--- PROVIDED MATERIAL ---
━━━

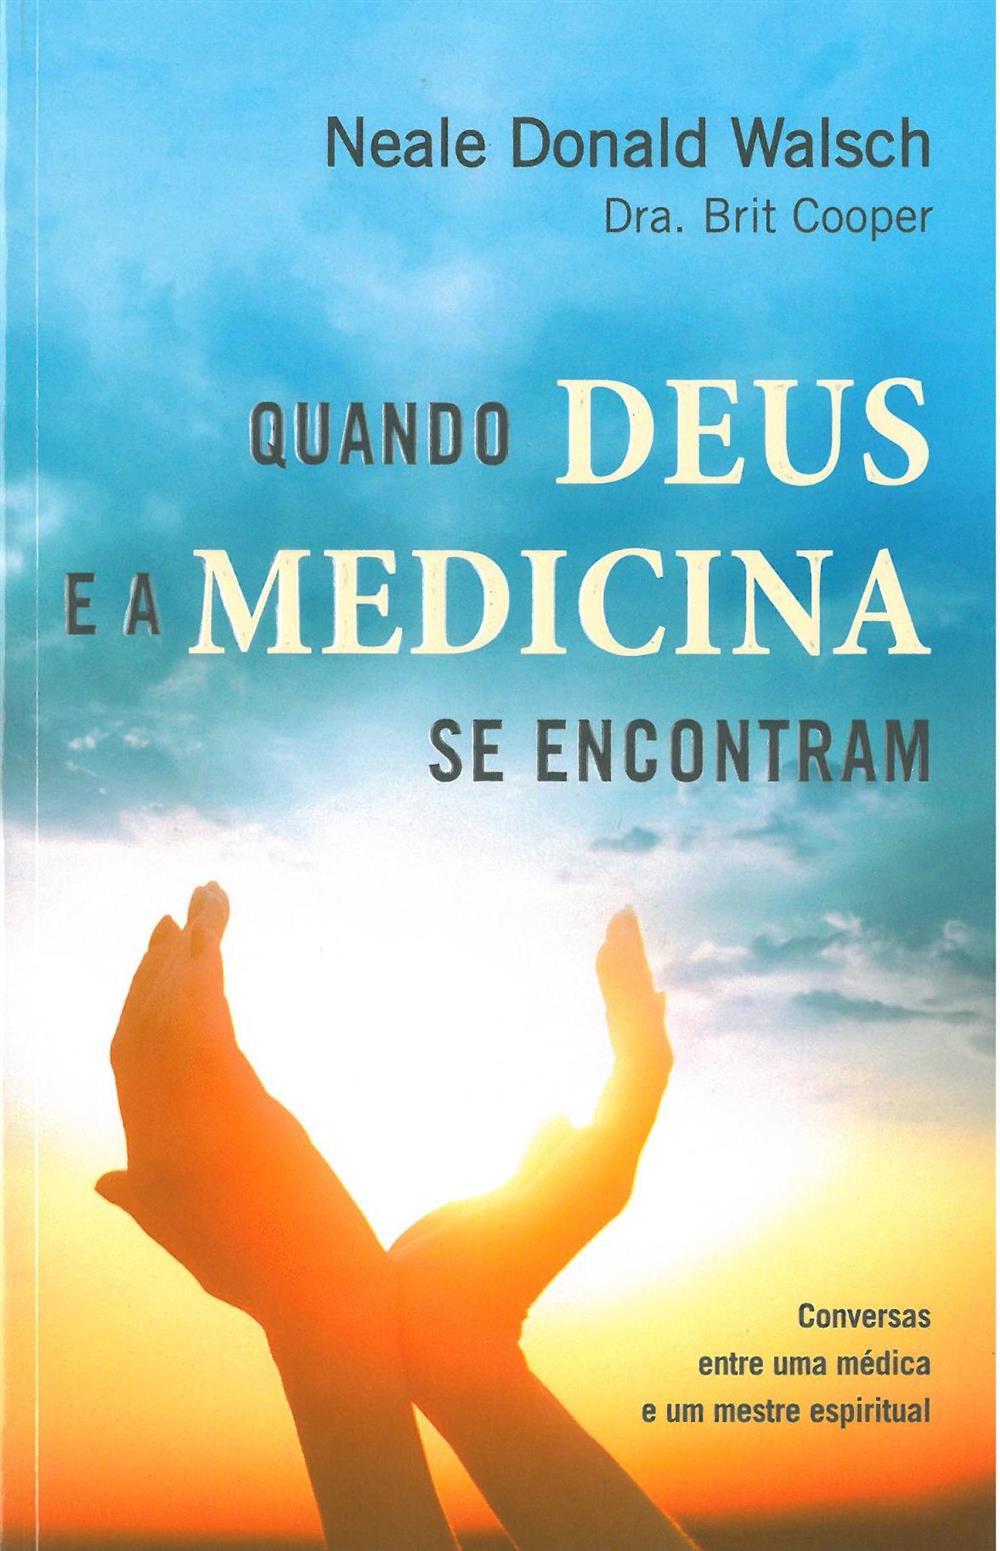 Quando Deus e a medicina se encontram_.jpg
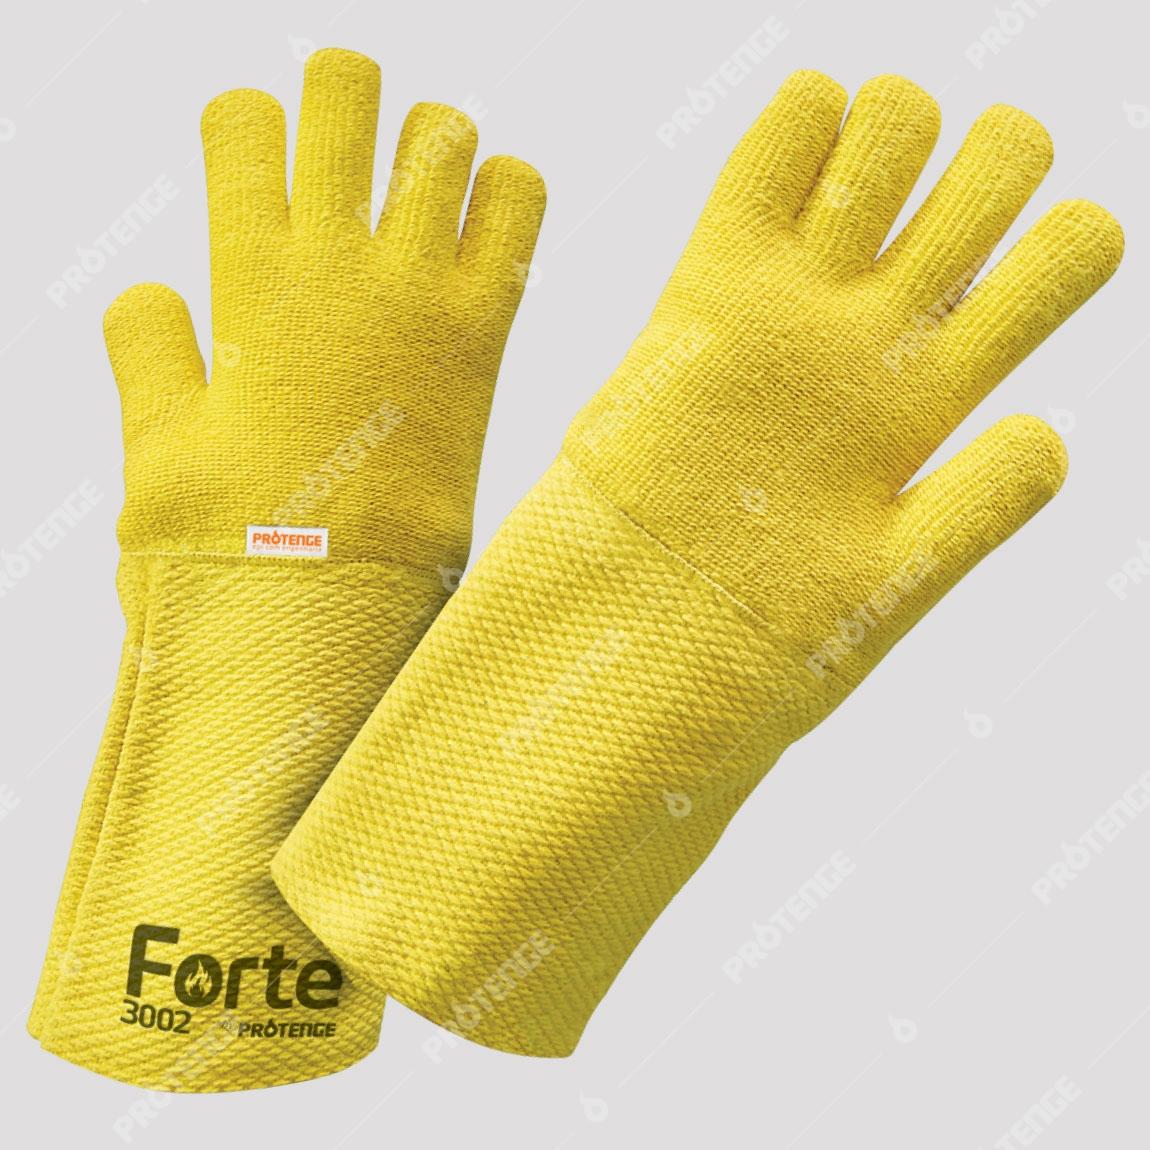 ff178a6344 Luva Forte 3002 Riscos Térmicos - Protenge EPI com Engenharia
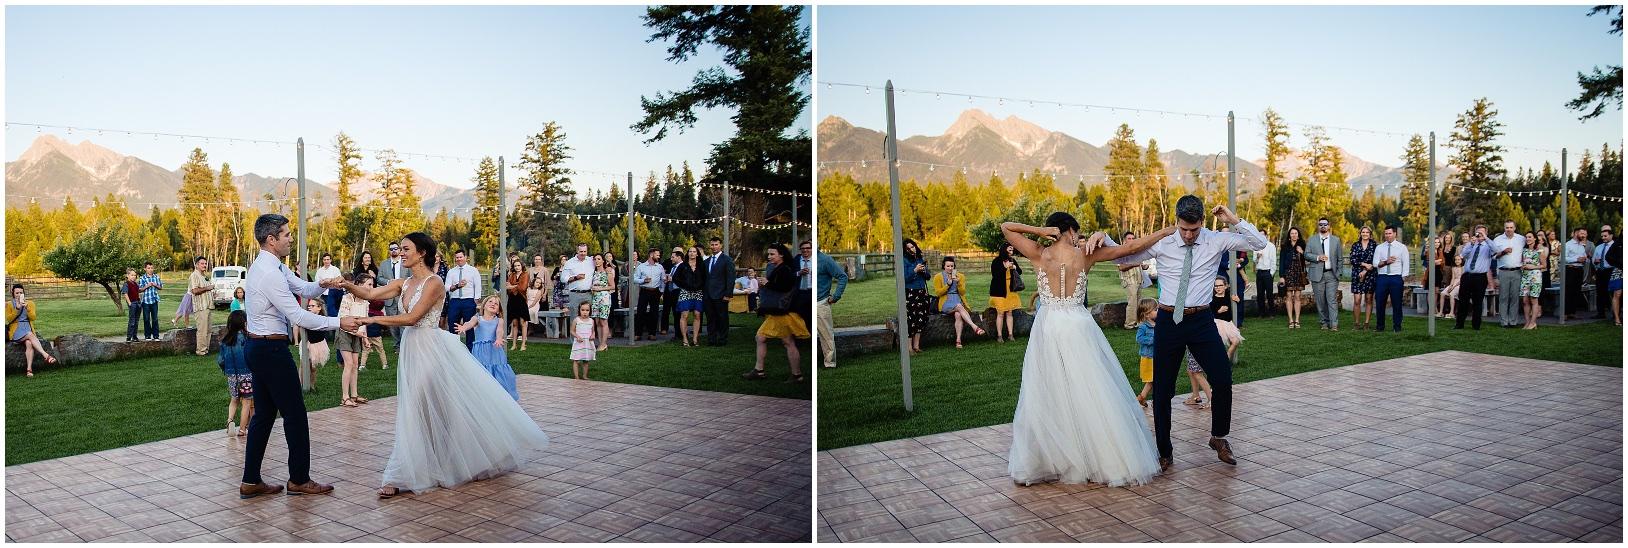 lindseyjane_weddings0135.jpg
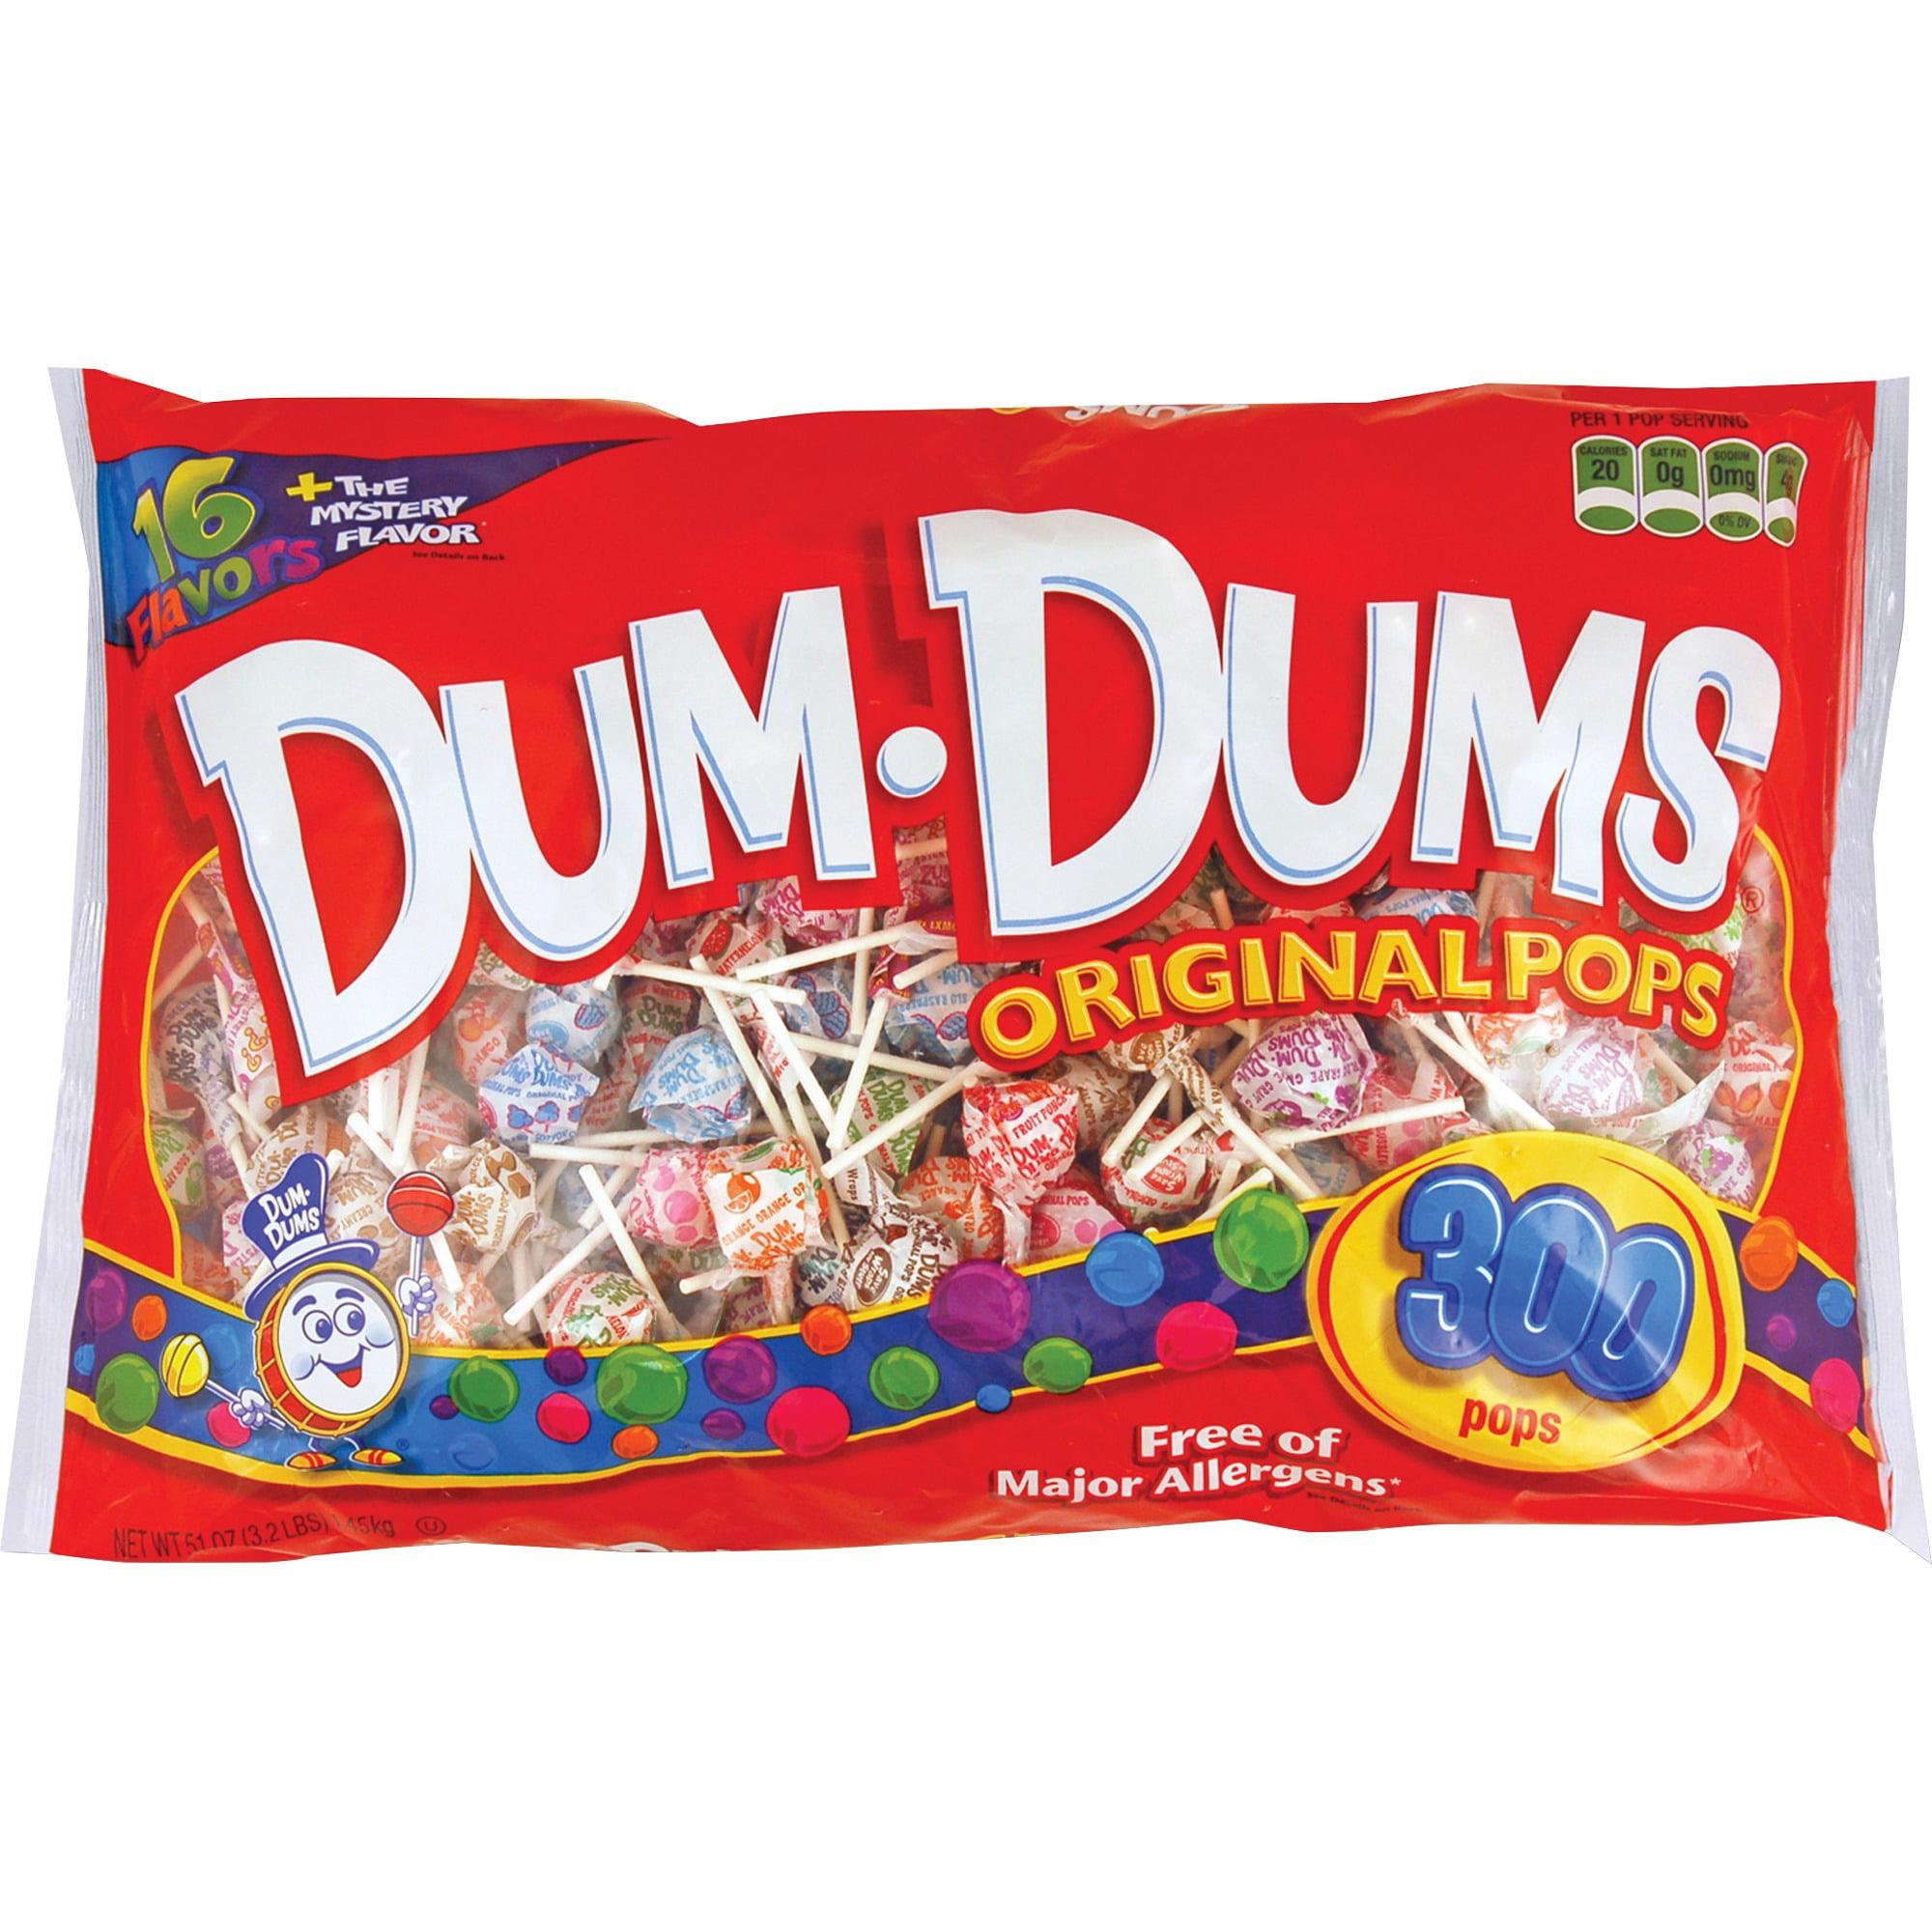 Dum Dum Pops, SPA60, Original Candy, 300 / Bag

━━━

--- DESCRIPTION OF THE TASK ---
Output the data above exactly. Drop every picture.

--- WRITTEN SOLUTION ---
 Quando Deus e a medicina se encontram_.jpg
 ff178a6344 Luva Forte 3002 Riscos Térmicos - Protenge EPI com Engenharia
 lindseyjane_weddings0135.jpg
 Dum Dum Pops, SPA60, Original Candy, 300 / Bag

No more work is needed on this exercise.